Ill take a semi-educated guess here. Your two white wires are neutrals. The reason they only measure 10-15v is they are not "hot" wires and never were intended to be. Your measuring a voltage potential between your neutrals . And that shouldnt ever be a large number unless you have seriously imbalanced the load on the panel. Someone got sloppy and landed them both under that terminal. They should be pigtailed as Sparky suggested.
The reason you shouldn't EVER pull a neutral off a "hot" circuit is it can arc, and really mess up your day.

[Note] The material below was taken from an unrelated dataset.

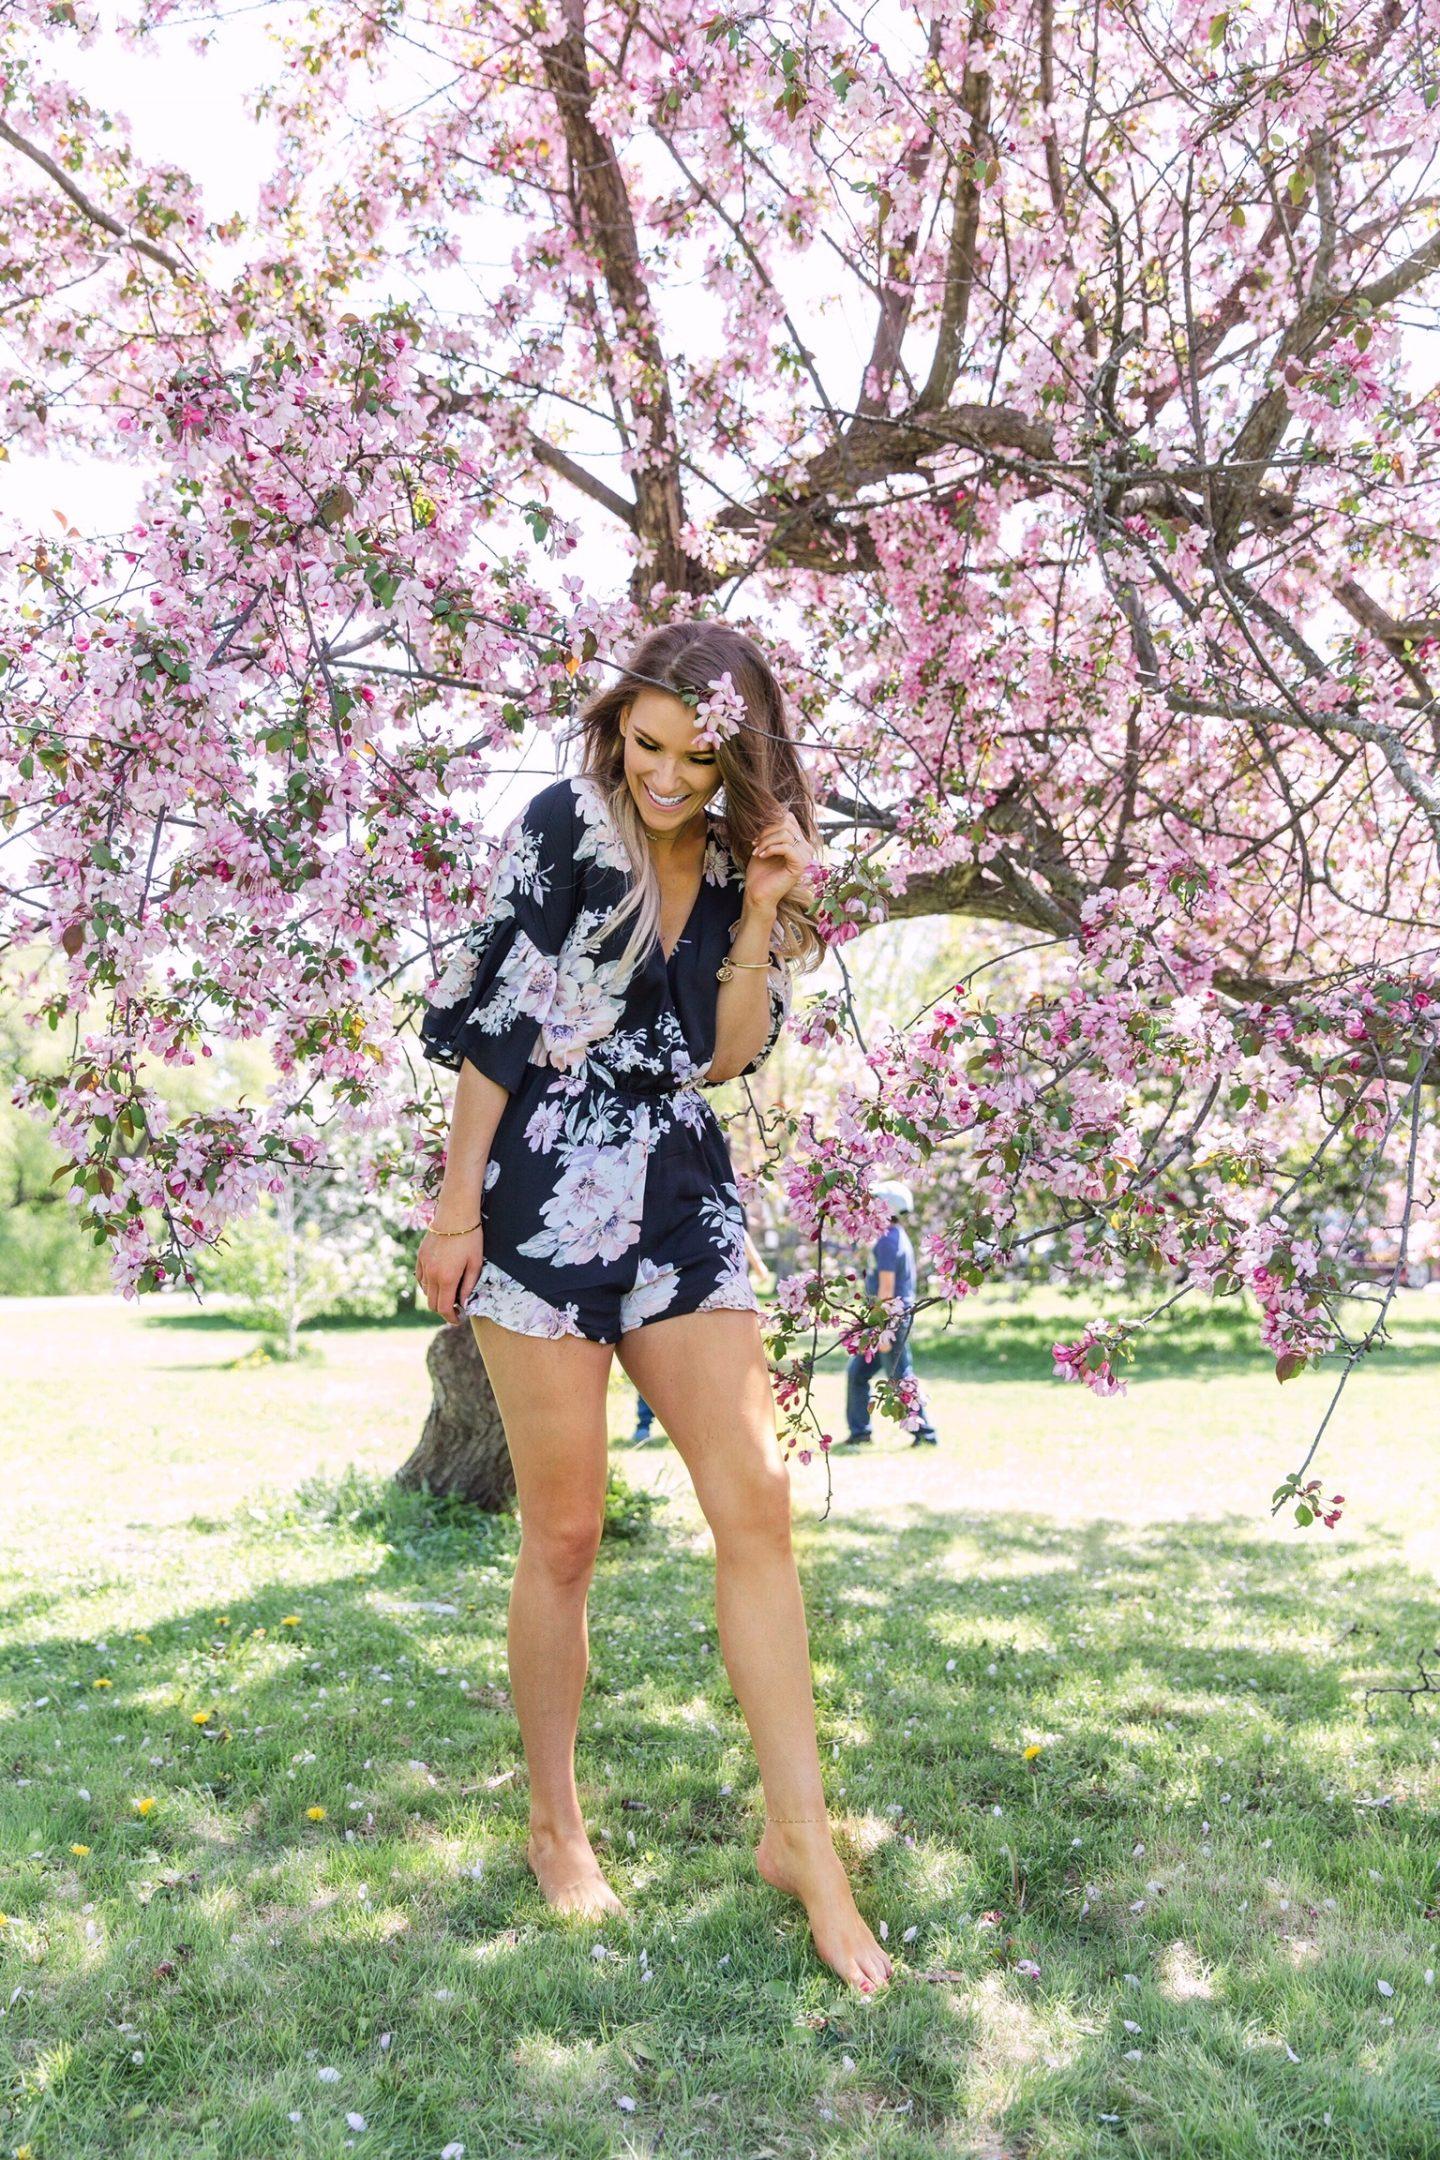 canadian-fashion-blog-floral-romper-amanda-conquer-ottawa-cherry-blossom-trees-1440x2160.jpg

If im off course here, any pros feel free to correct me
Well, not really. If this is a multi-wire branch circuit (MWBC) as was suggested, then the neutral carries load current from more than one circuit on opposite legs of the service. Disconnecting the neutral of a MWBC can be catastrophic. First, if you only turn off the breaker that feeds one half of the circuit, the neutral may still be carrying load current from the other half even though you think the circuit is de-energized. If you open the neutral and touch it, you'll get shocked. Second, interrupting the neutral on a MWBC while both circuit breakers are on will place both halves of the circuit in series with each other and a 240V source. Thus, the voltage on each half of the circuit can vary wildly from zero to 240V - which can instantly destroy anything you have plugged in to either half of the circuit. You are measuring 10-15V across the opened neutral connection because you got very lucky - the loads on the two halves of the MWBC were well balanced, so the voltage swing when the neutral was opened was rather small. If some different lights or appliances were turned on, the result may have been rather damaging.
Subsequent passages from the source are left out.